Regina seufzt auf. »Von seinem Nachbarn weiß ich, dass er in letzter Zeit kaum das Haus verlässt. Es schmerzt mir in der Seele, aber wir bekommen momentan keine Stellen ausgeschrieben, selbst wenn wir welche brauchen.« Ich lasse ihre Rechtfertigung links liegen und folge stattdessen Julian. Habe ich etwas getan, was ihn verärgert hat?

Obwohl ich das Gefühl habe, um mein Leben zu rennen – oder wie Julians Protagonist sagen würde – schneller als die Polizei erlaubt, schaffe ich es erst am Haupteingang, ihn abzupassen. Erschrocken stelle ich fest, dass seine Augen von Tränen vollkommen verquollen sind. Eigentlich, nach dem, was ihm widerfahren ist, die normalste Reaktion der Welt. Da ich ihn zuvor jedoch nie weinengesehen habe, trifft es mich unvorbereitet.

»Julian«, hauche ich seinen Namen. Leider fällt mir nicht mehr ein, aber es reicht, damit er gequält sein Gesicht verzieht.

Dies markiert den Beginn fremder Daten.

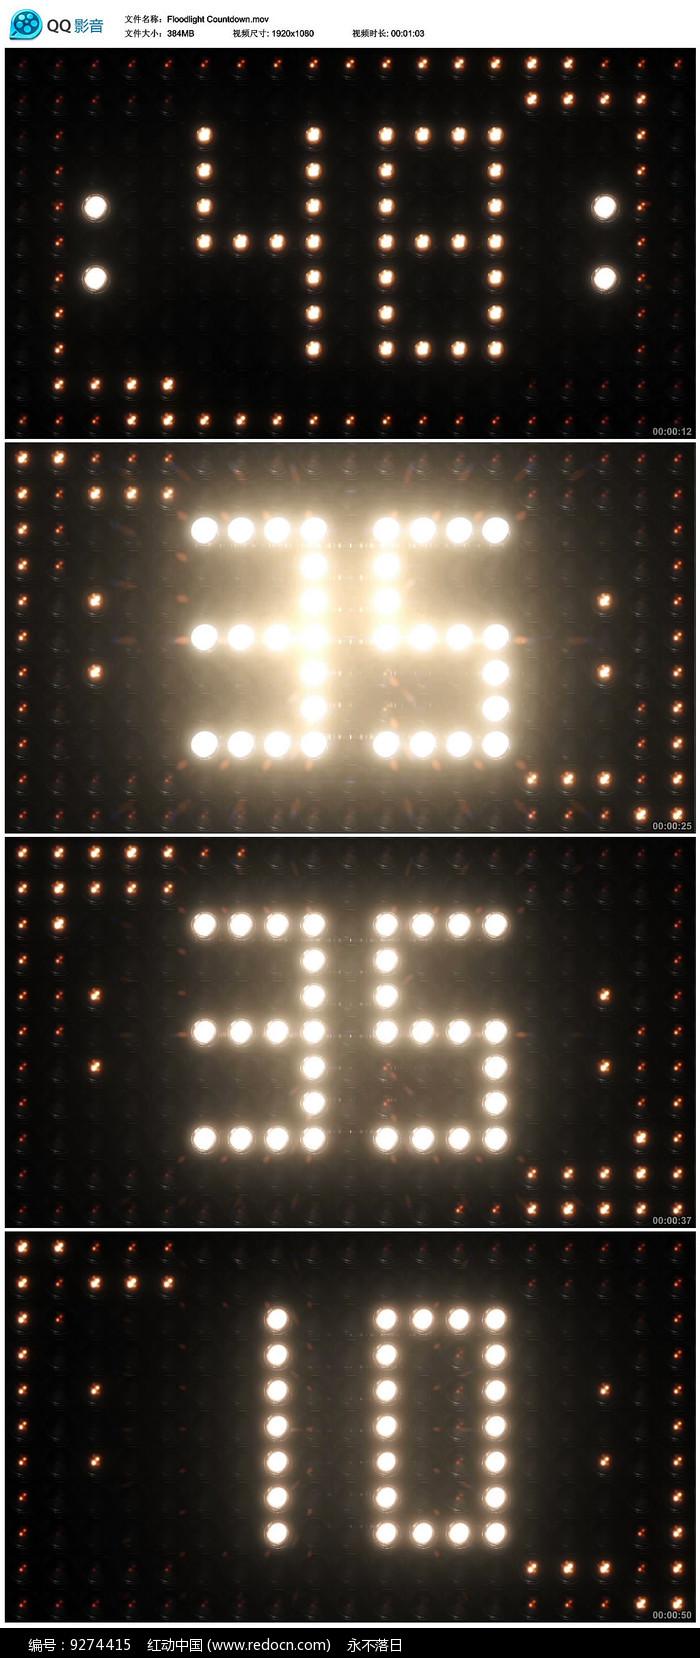 素材描述:红动网提供动态|特效|背景视频精品原创素材下载,您当前访问作品主题是闪烁灯光60秒倒计时视频,编号是9274415,文件格式是mov,您下载的是一个压缩包文件,请解压后再使用设计软件打开,色彩模式是RGB,,成品尺寸是1920x1080像素超级高清,素材大小 是376.41 MB。

»Nicht«, er schüttelt meinen Arm ab, weil ich unterbewusst nach ihm gegriffen habe. Was habe ich mir dabei gedacht? Schnell setze ich ein paar Schritte zurück. Sofort macht sich wieder das vertraute schlechte Gewissen in mir breit. Junis hat das Gefühl gehabt, ich raube ihm Zeit mit seinem Vater. Es ist unerträglich, sich vorzuwerfen, dass jetzt alles anders wäre, hätten wir uns nie angenähert.